PROBLEM —
Could you write out, exactly as they stand, only the lines in the listing below from the line with "Nimbus Sans Chinese Simplified Regular image" to the line with "Dette programmet startes", both ends included, without the pictures?

RECORDS FOR THIS TASK —
○ ○ ○

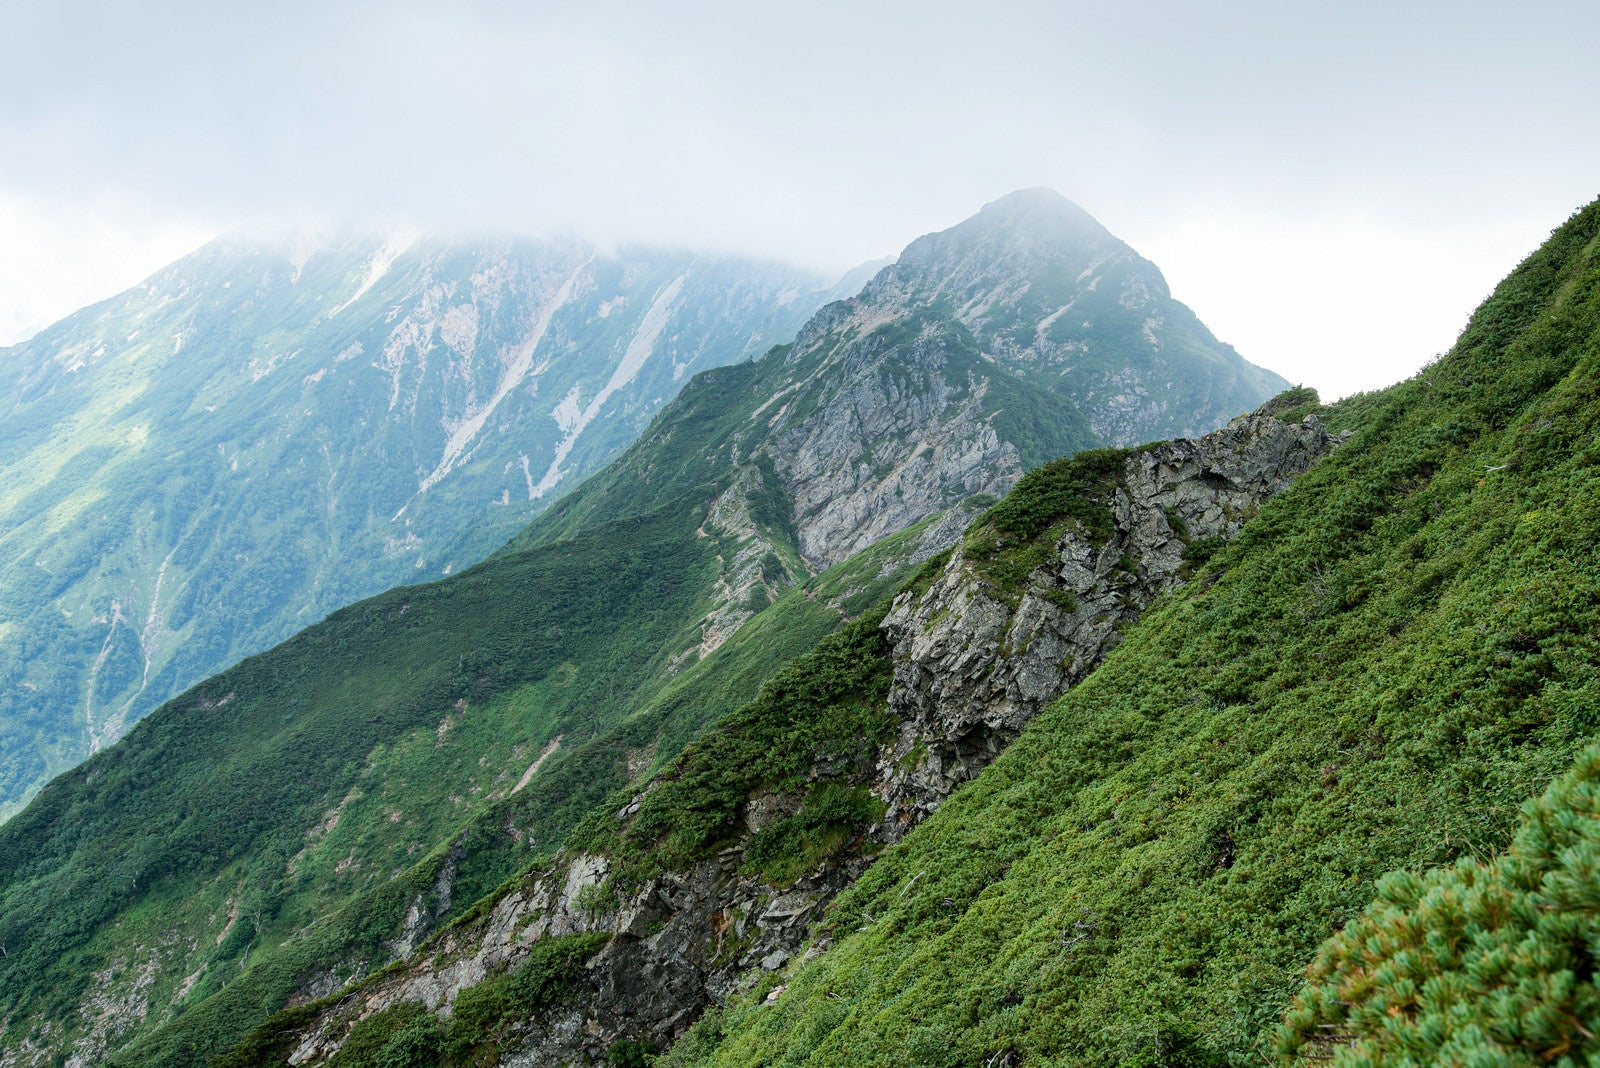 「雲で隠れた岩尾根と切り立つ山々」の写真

○ ○ ○

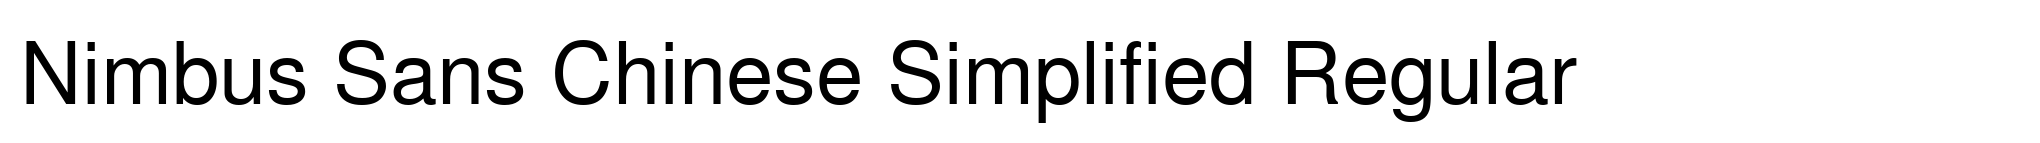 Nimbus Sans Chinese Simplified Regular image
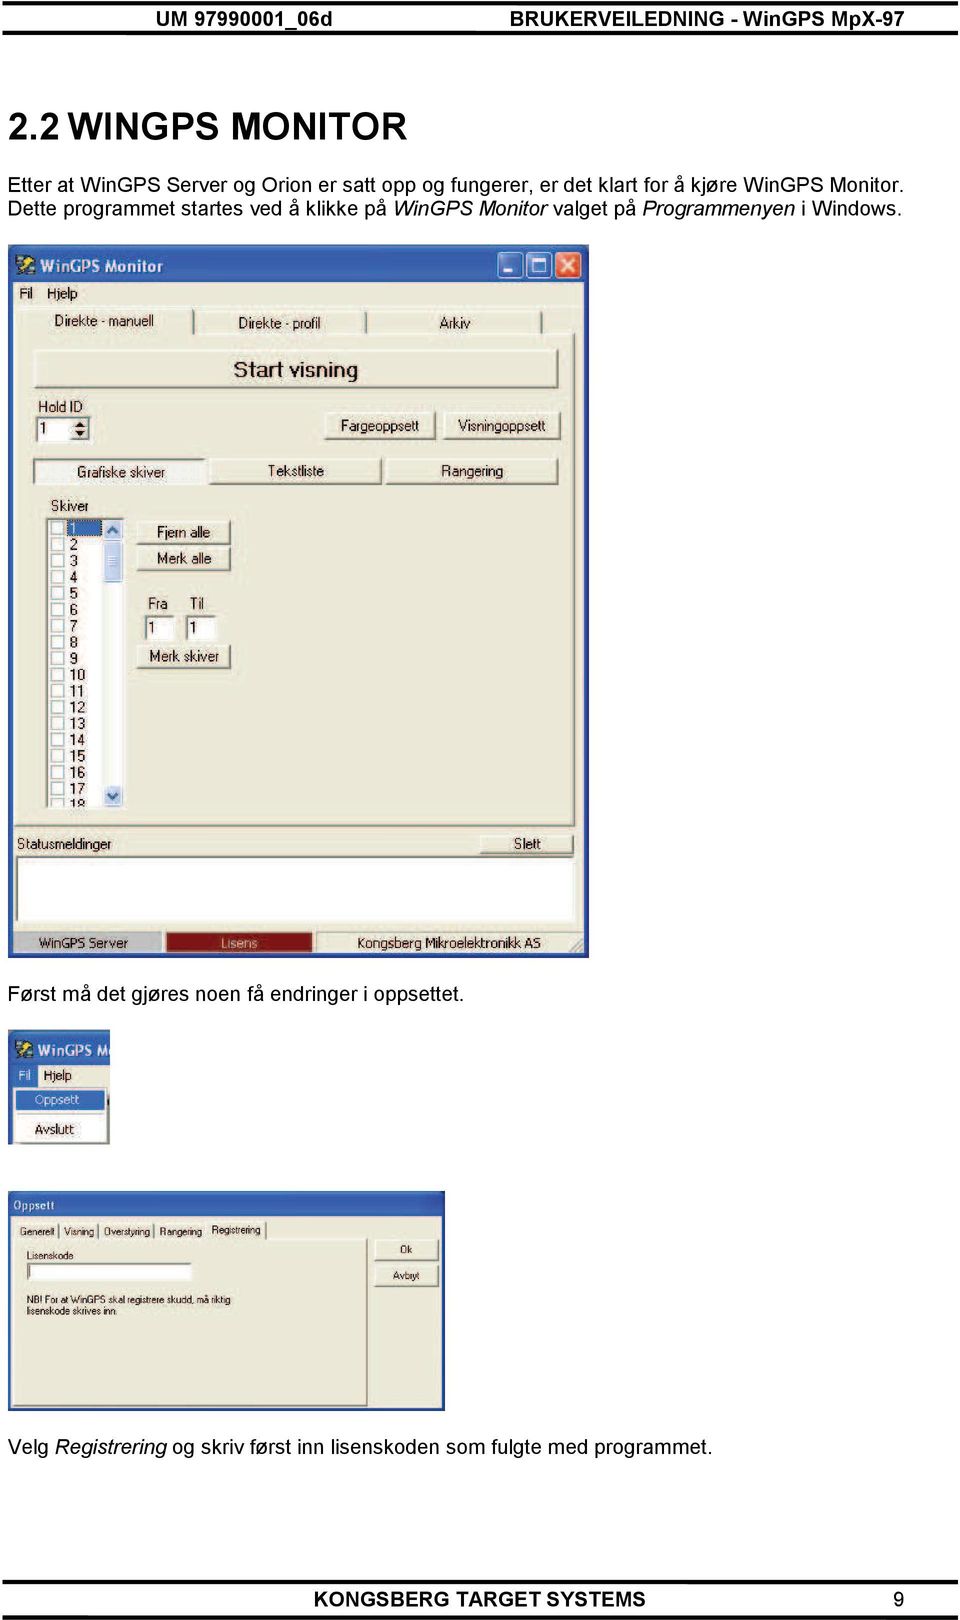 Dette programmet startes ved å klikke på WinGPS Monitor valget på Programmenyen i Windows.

○ ○ ○

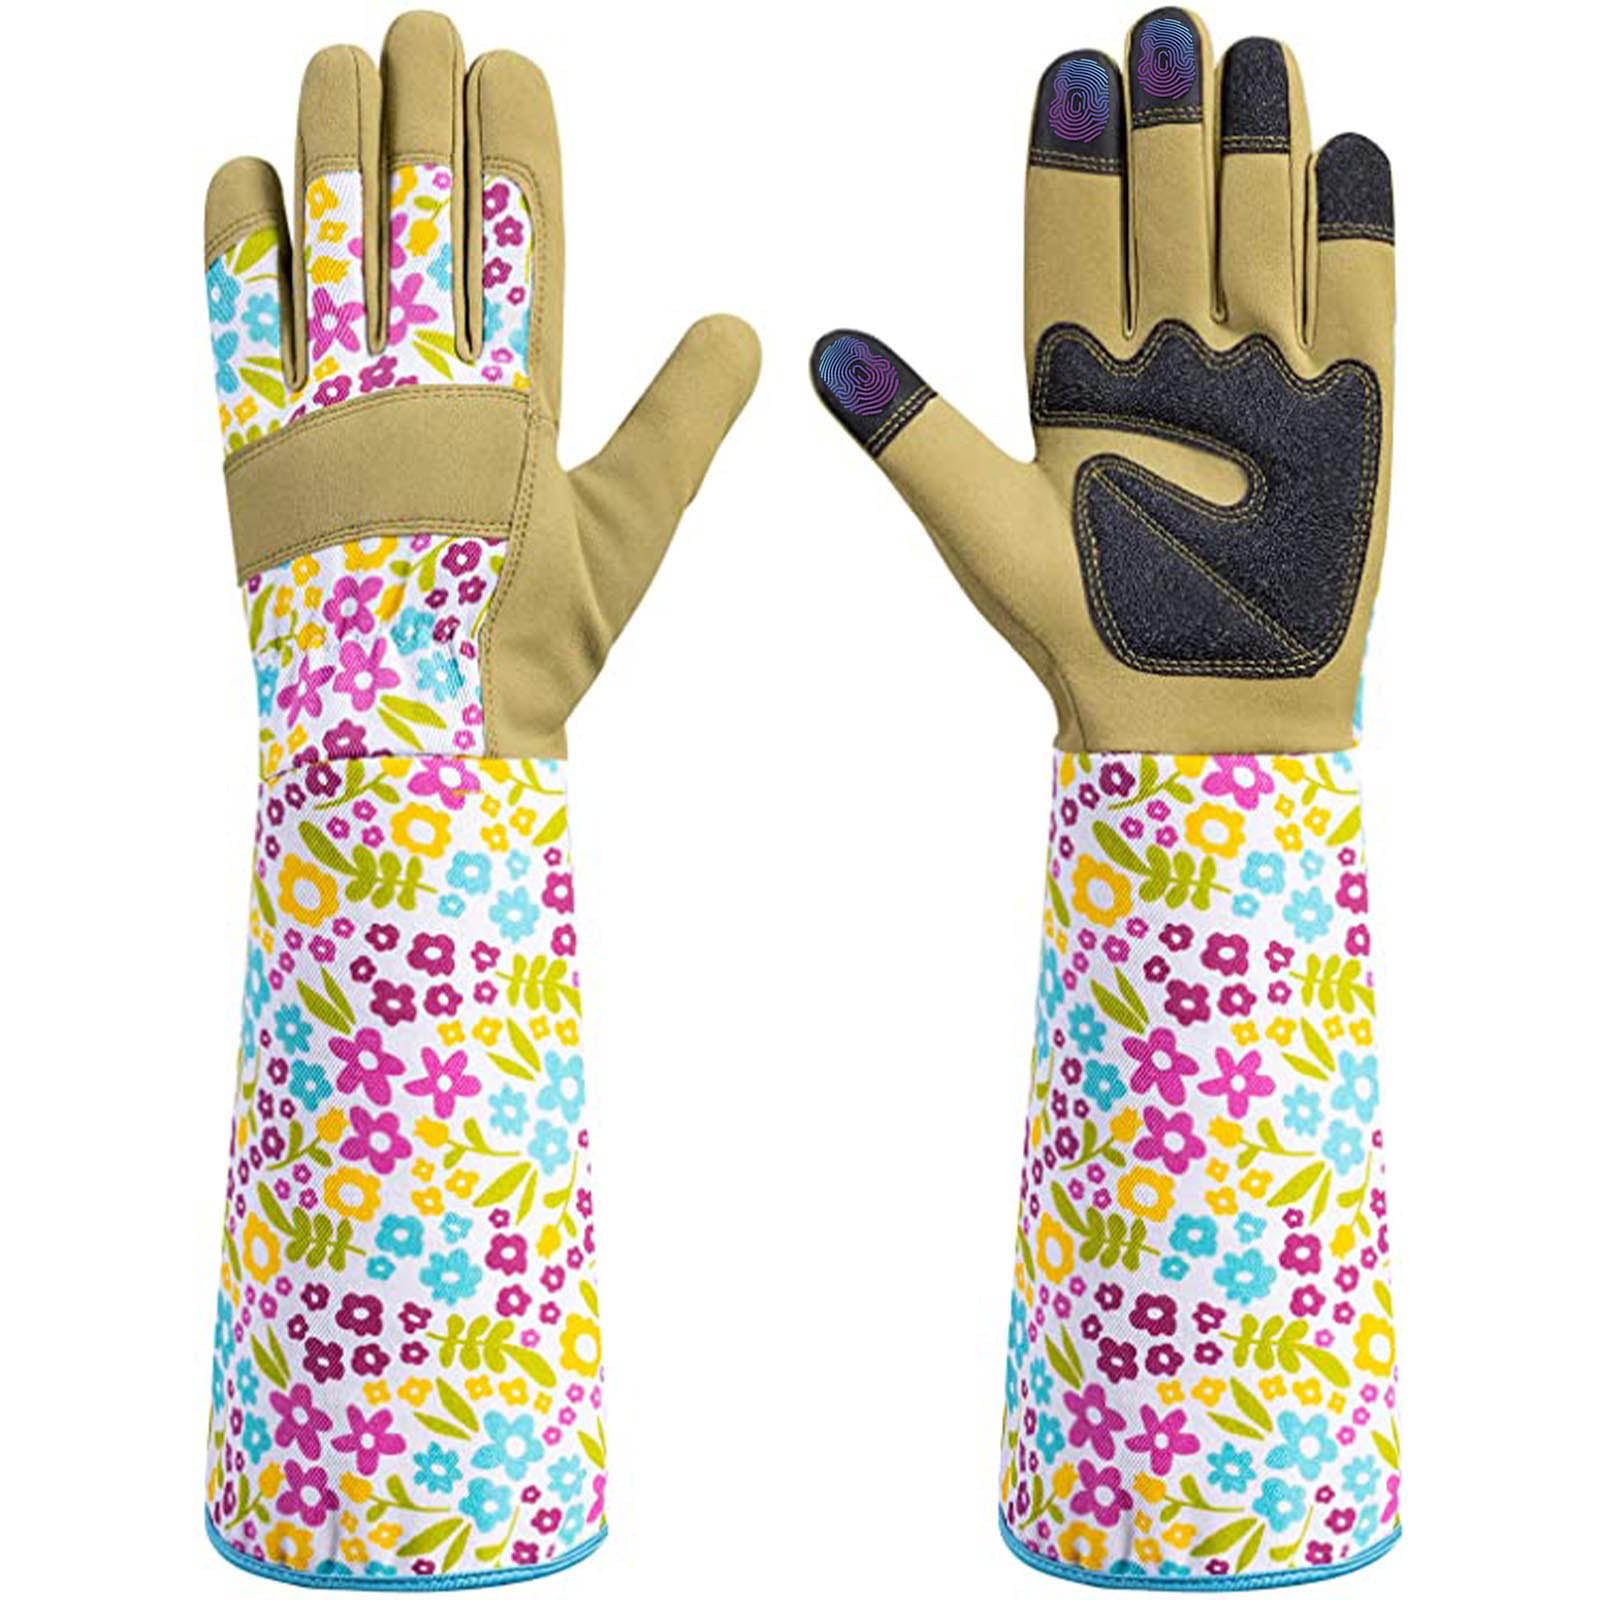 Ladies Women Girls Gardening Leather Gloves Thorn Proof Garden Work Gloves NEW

○ ○ ○

WRITTEN ANSWER —
 Nimbus Sans Chinese Simplified Regular image
 Dette programmet startes ved å klikke på WinGPS Monitor valget på Programmenyen i Windows.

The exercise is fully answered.